A modeline is a specially formatted line in a text document or source file which can be interpreted by a text editor. It is often used to tell the editor what kind of file is being edited and how to configure indent settings. The feature originated in the ex line editor and was inherited by the vi visual editor and clones. A similar feature with incompatible syntax is present in emacs.
An ex modeline is in the form:
ex: command arguments :
Arbitrary text can be included before and after the modeline, allowing it to be embedded in a comment. The trailing colon is important — without it, most ex implementations will not recognise the line. Usually only the first and last few lines in a document will be checked for modelines.
In theory, any ex command could be included in a modeline. However, for security reasons, generally only set is permitted.

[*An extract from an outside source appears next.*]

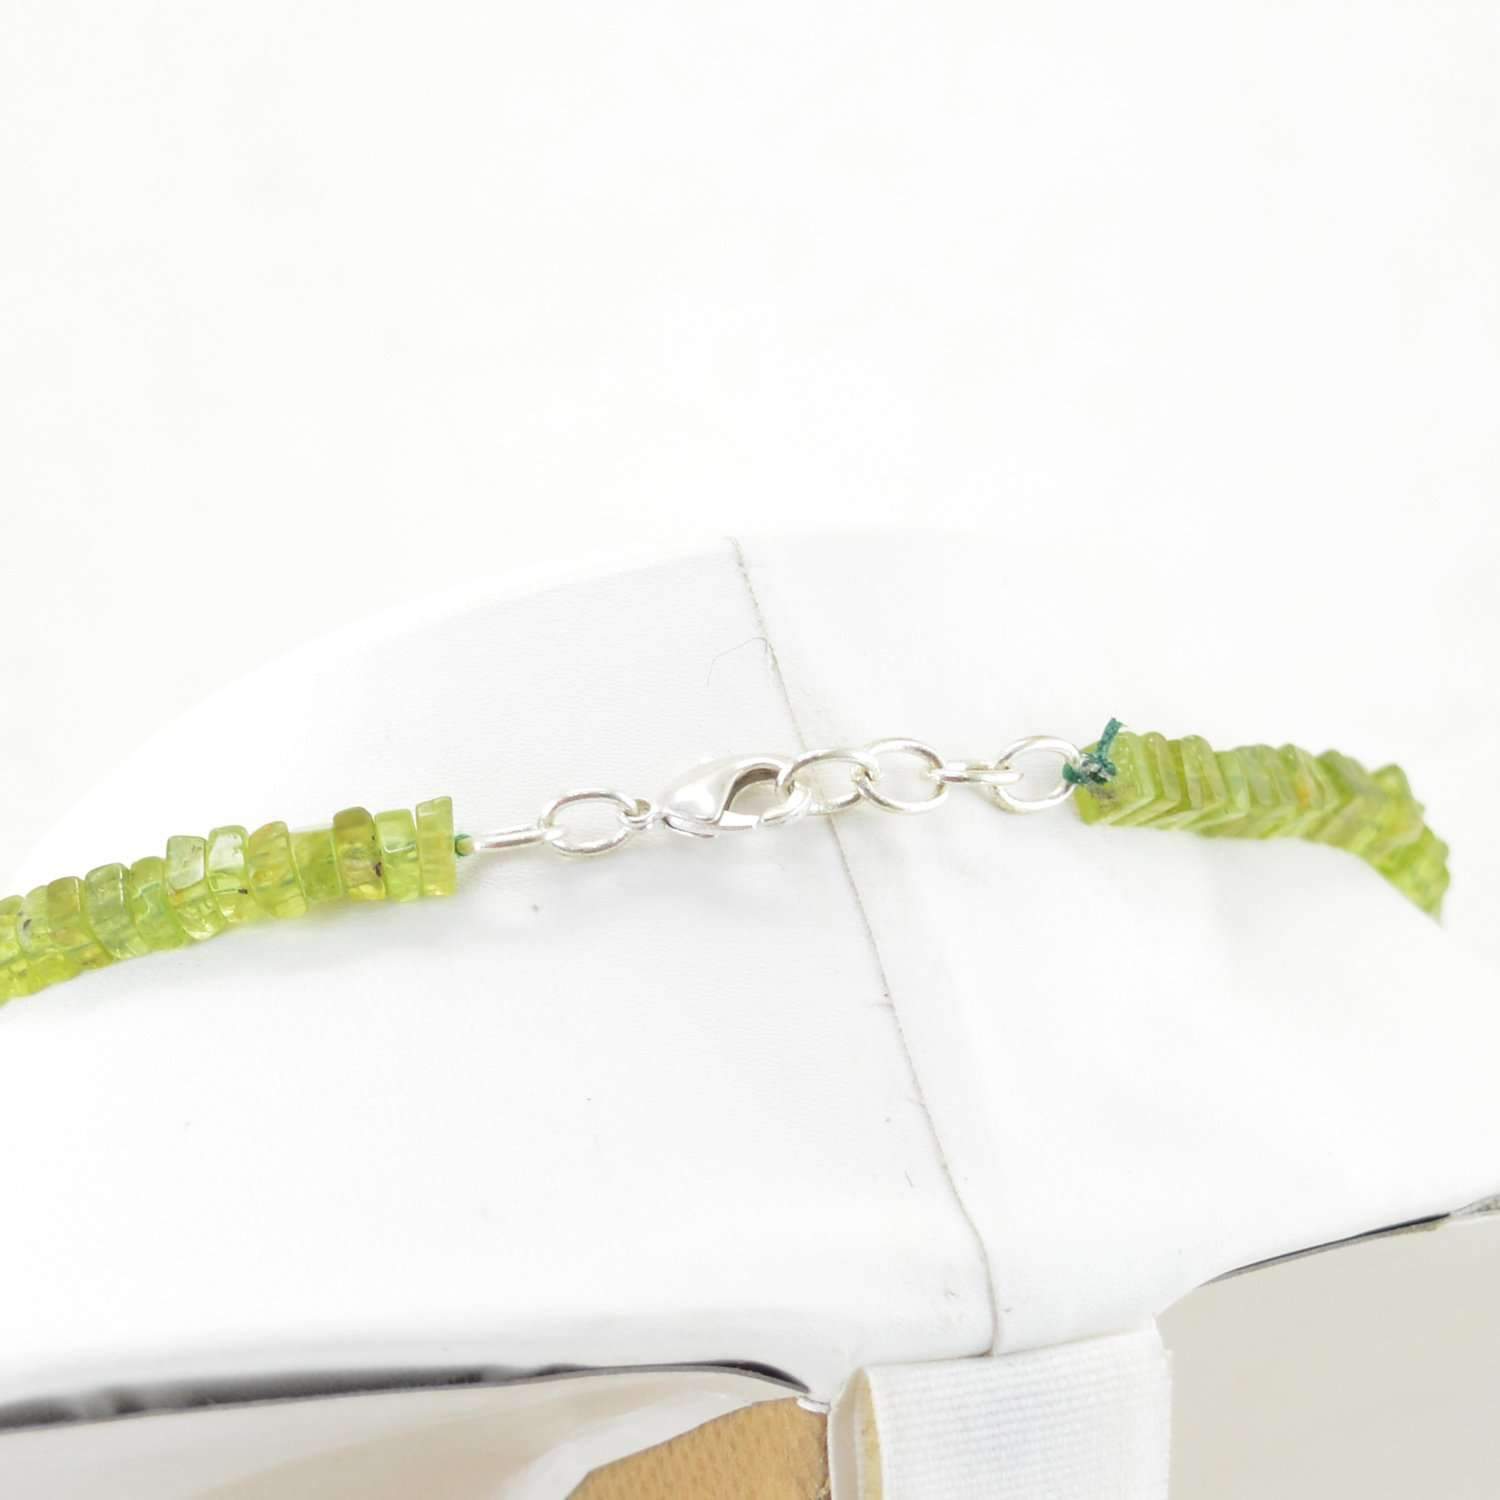 gemsmore:20 Inches Long Green Peridot Natural Unheated Beads Necklace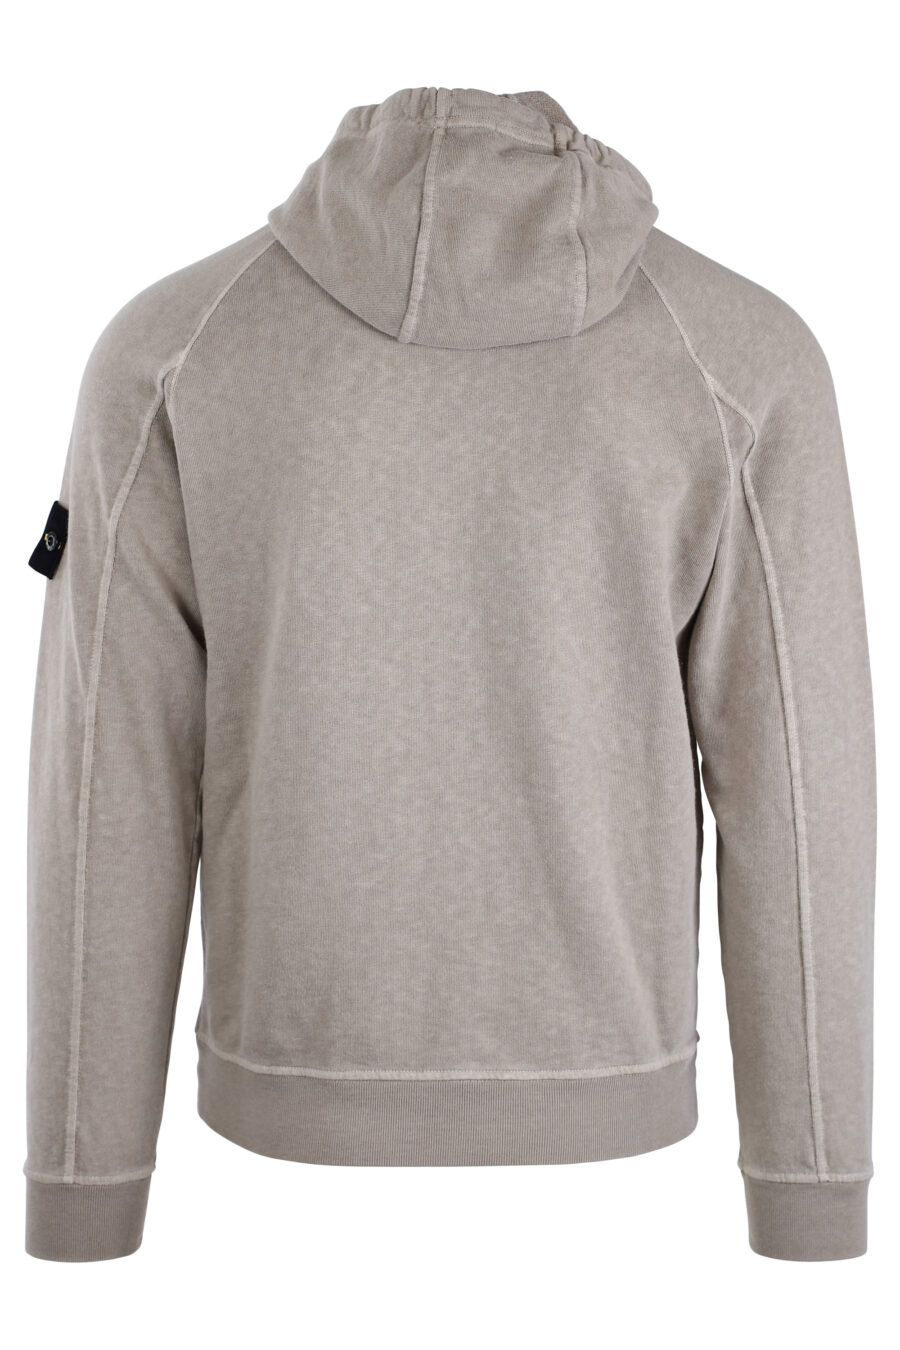 Beige sweatshirt with patch - IMG 1690

Most full vi implementations recognise any valid ex modeline, and also recognise a vi: prefix. Vim will also recognise vim:, and allows a version number to be specified — for example, vim630: will only be handled by version 6.3 or later.
Putting this together, a c source file may include a line like:
/* vim: set filetype=c shiftwidth=4 expandtab textwidth=80 : */
Or, equivalently but more tersely:
/* vim: set ft=c sw=4 et tw=80 : */
This says that the file is a c source file using indents four positions wide, that tabs should be expanded to spaces and that the text should be wrapped on or before column 80.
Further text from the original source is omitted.